Easy One Pot Roasted Chicken Dinner

Ingredients 

  • 1 tablespoon olive oil
  • 6 large bone-in skin-on chicken thighs or chicken drumsticks
  • a pinch or two of salt and pepper (for seasoning the chicken)
  • 3 tablespoons all purpose flour
  • 1 tablespoon chopped fresh thyme or 1 teaspoon dried thyme
  • 1 tablespoon chopped fresh rosemary or 1 teaspoon dried rosemary
  • a pinch or two of salt and pepper
  • 2/3 cup good quality white wine
  • 2 1/2 cups chicken stock
  • 8 small russet or white potatoes (or 6 medium), washed and each chopped into 4-8 pieces
  • 6 medium carrots, peeled and chopped
  • fresh thyme and rosemary for garnish, if desired

Instructions 

  • Preheat your oven to 325 degrees Fahrenheit.
  • Heat a very large oven-safe pan over medium-high heat on the stove top and add the olive oil.
  • Brown the chicken pieces in the pan on all sides, until the outside has reached a nice golden brown.
  • Remove the chicken pieces from the pan and set them aside on a plate.
  • Add the potatoes and carrots to the pan with the chicken liquid and allow the vegetables to brown slightly in the liquid on all sides for about 5-7 minutes.
  • Remove the vegetables to a plate and set aside once they’ve caramelized slightly.
  • Turn the heat to medium.

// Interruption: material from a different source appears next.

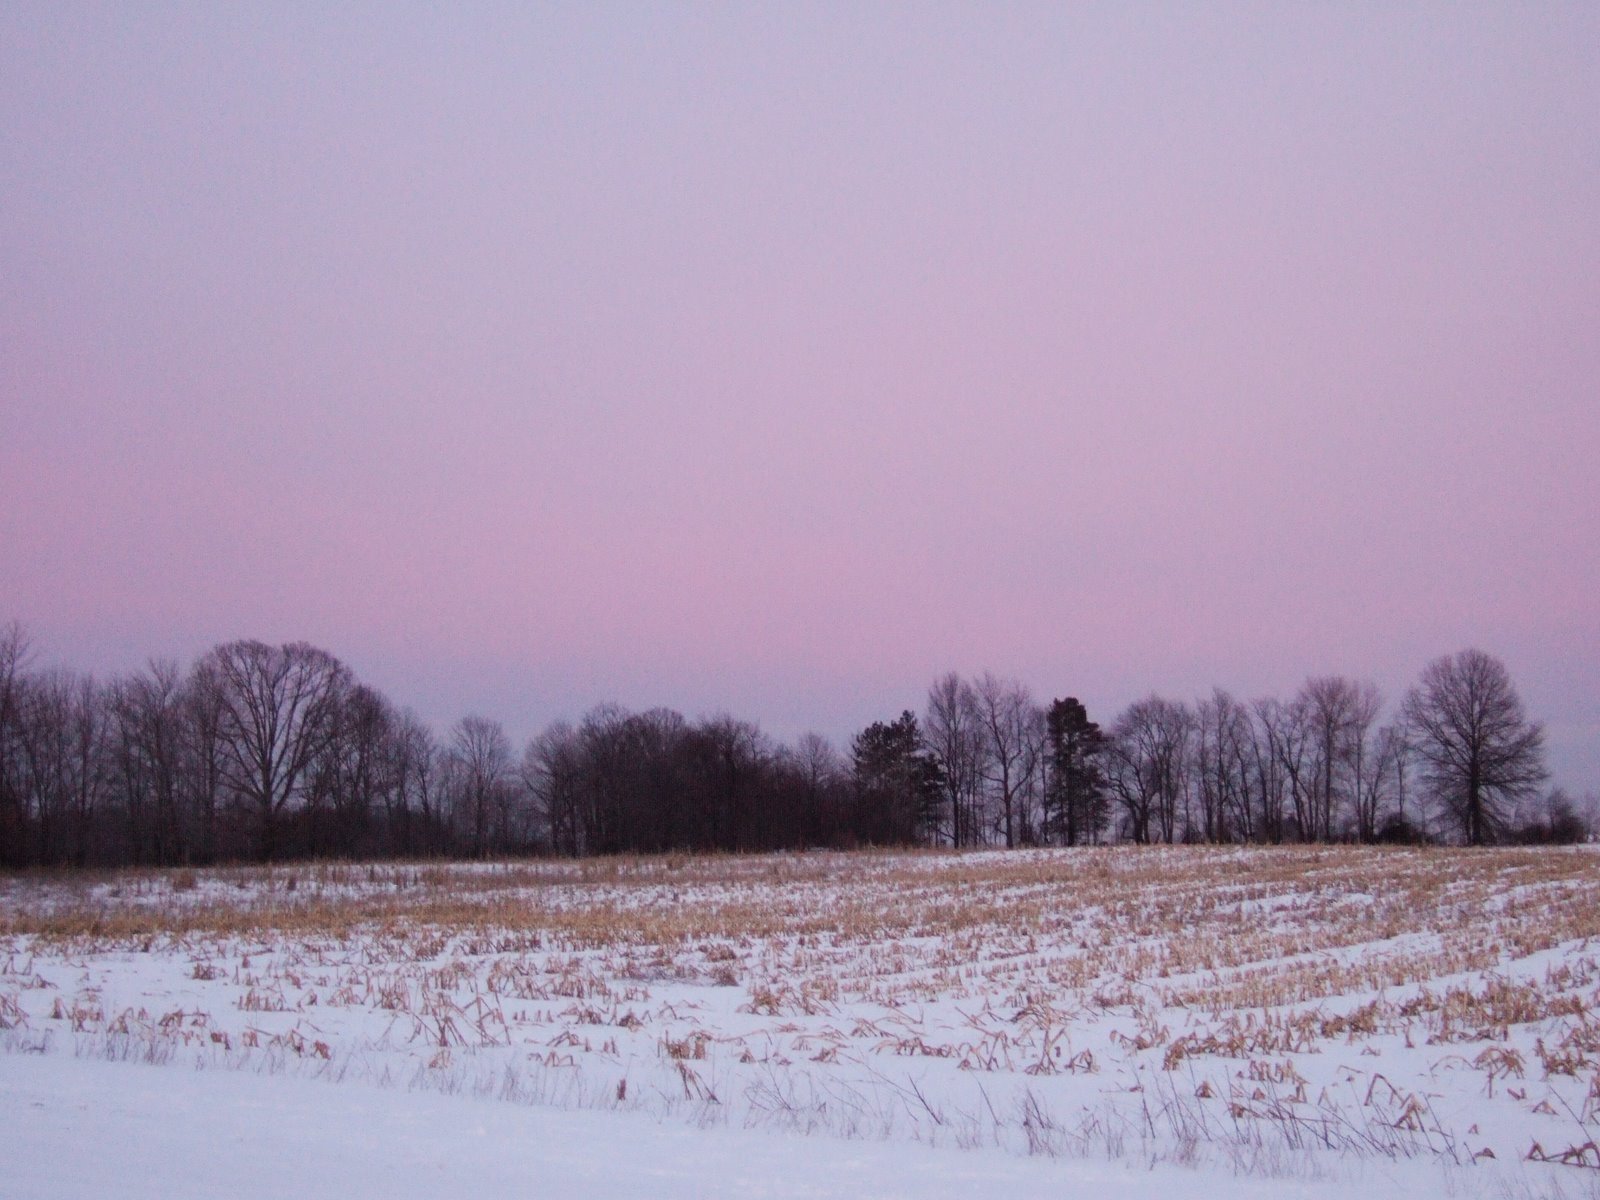 [a_purple_february_sky.jpg]

Add the flour to the liquid left in the pan and whisk until the flour is absorbed.
  • Whisk in the thyme, rosemary and salt and pepper and continue to toast the flour for about one more minute, whisking constantly.
  • Slowly add the wine and whisk as you add it to prevent lumps.
  • Add the chicken stock slowly, whisking as you add it to break up any lumps that form.
  • Let the sauce bubble away, whisking gently as it cooks for about 4 minutes.
  • Add the potatoes and carrots back into the pan, nestling them into the sauce until they’re submerged.
  • Add the chicken pieces into the sauce as well, nestling them into the sauce and vegetables.
  • Cover the pan with the lid and roast for about 35-40 minutes at 325 degrees Fahrenheit or until the chicken is cooked through to an internal temperature of 165 degrees Fahrenheit (74 Celsius) and the potatoes are tender.
  • Remove the pan from the oven when the chicken is cooked through and allow it to rest, covered, for about 5 minutes before serving.